FAQ Knee Pain

We are going to discuss the more common causes of Knee pain as they relate to cycling.  We will focus on knee pain as a result of  improper saddle position, forefoot alignment  issues, and overuse related stress.

We will start with saddle height as it is the most common culprit for most cyclists.  The quick rules here are as follows;  pain in the front of your knee is most likely due to the saddle height being to low, and pain in the back of the knee if the saddle is set to high.  When making adjustments to saddle height limit yourself to changes in increments of no more than 5mm (1/4 of an inch), you will be surprised at the difference a small change makes.

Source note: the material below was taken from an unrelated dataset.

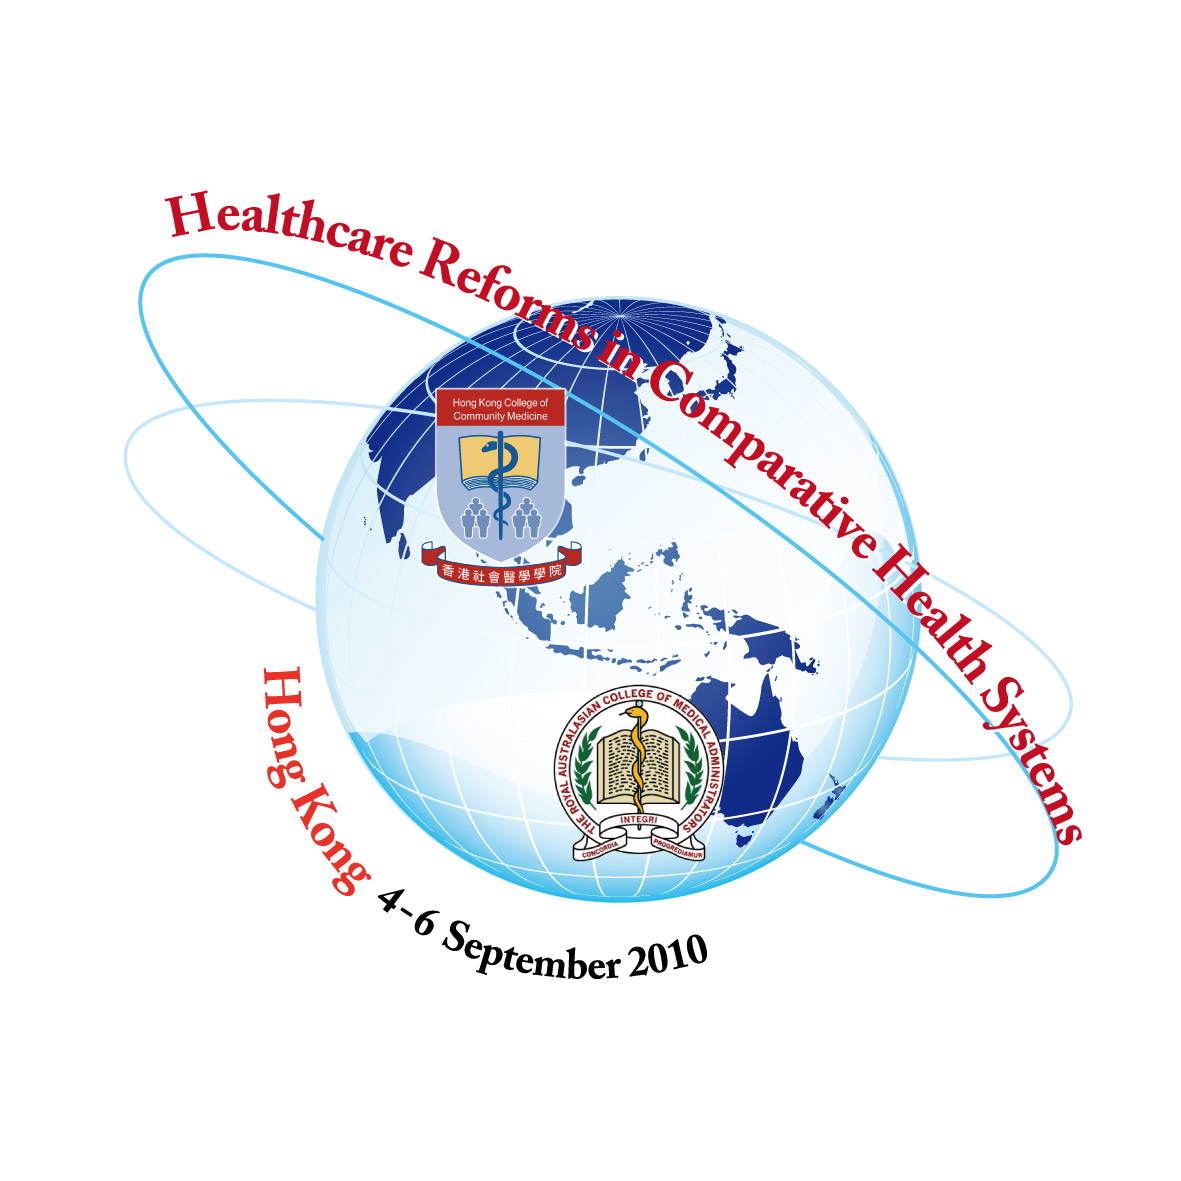 The RACMA-HKCCM International Conference 2010 - Healthcare Reforms in Comparative Health Systems

Second is forefoot alignment issues.  This problem would generally come up only when using cycling shoes and cliplesss pedals.  the reason for this is that when using clipless pedals you are more directly connected to the pedal.  Most people have a condition referred to as "forefoot varus" with this condition your forefoot naturally tilts up from the inside.  Imagine the big toe side of you foot tilted up "of off the ground" when standing relaxed feet pointed straight forward.   Now imagine pushing down on your forefoot as you do when cycling.  What can happen here, is your knee will be forced to rotate inwards as you push down then back out on the upstroke.  This constant motion can lead to knee pain most likely centralized under the kneecap.  The opposite condition can exist as well  which is referred to as forefoot valgus.  The "pinky toe" tilted up when standing relaxed with feet pointed straight forward.  We can correct these conditions by using a Forefoot Measuring Device to detect the amount of tilt then use wedges under the cleat on your shoe to achieve a healthy pedaling motion.

Overuse related issues may or may not  be cycling related.  One of the most common conditions that can cause knee pain for both cyclist and runners is IT (IlioTibial) BandSyndrome.   The IT band is the tissue that runs on the outside of your thigh, when irritated (due to a number of stimuli) can become inflamed.  When inflamed it can cause pain likely to be concentrated at the outside of the knee, you may also feel a clicking when extending and flexing the knee.  There are a few ways to get back under control.  The first is rest,  most of the time when something is inflamed time off can be the most important part of the cure.  Second, could be use of over the counter antimflamitory  medicines, such as ibuprofen.  Third, is the incorporation of stretching related exercises into your normal routine.  As with many issues a good stretching regimin can be the best preventive care for any injury.   Remember if you are having problems controlling an injury, seek professional medical advice.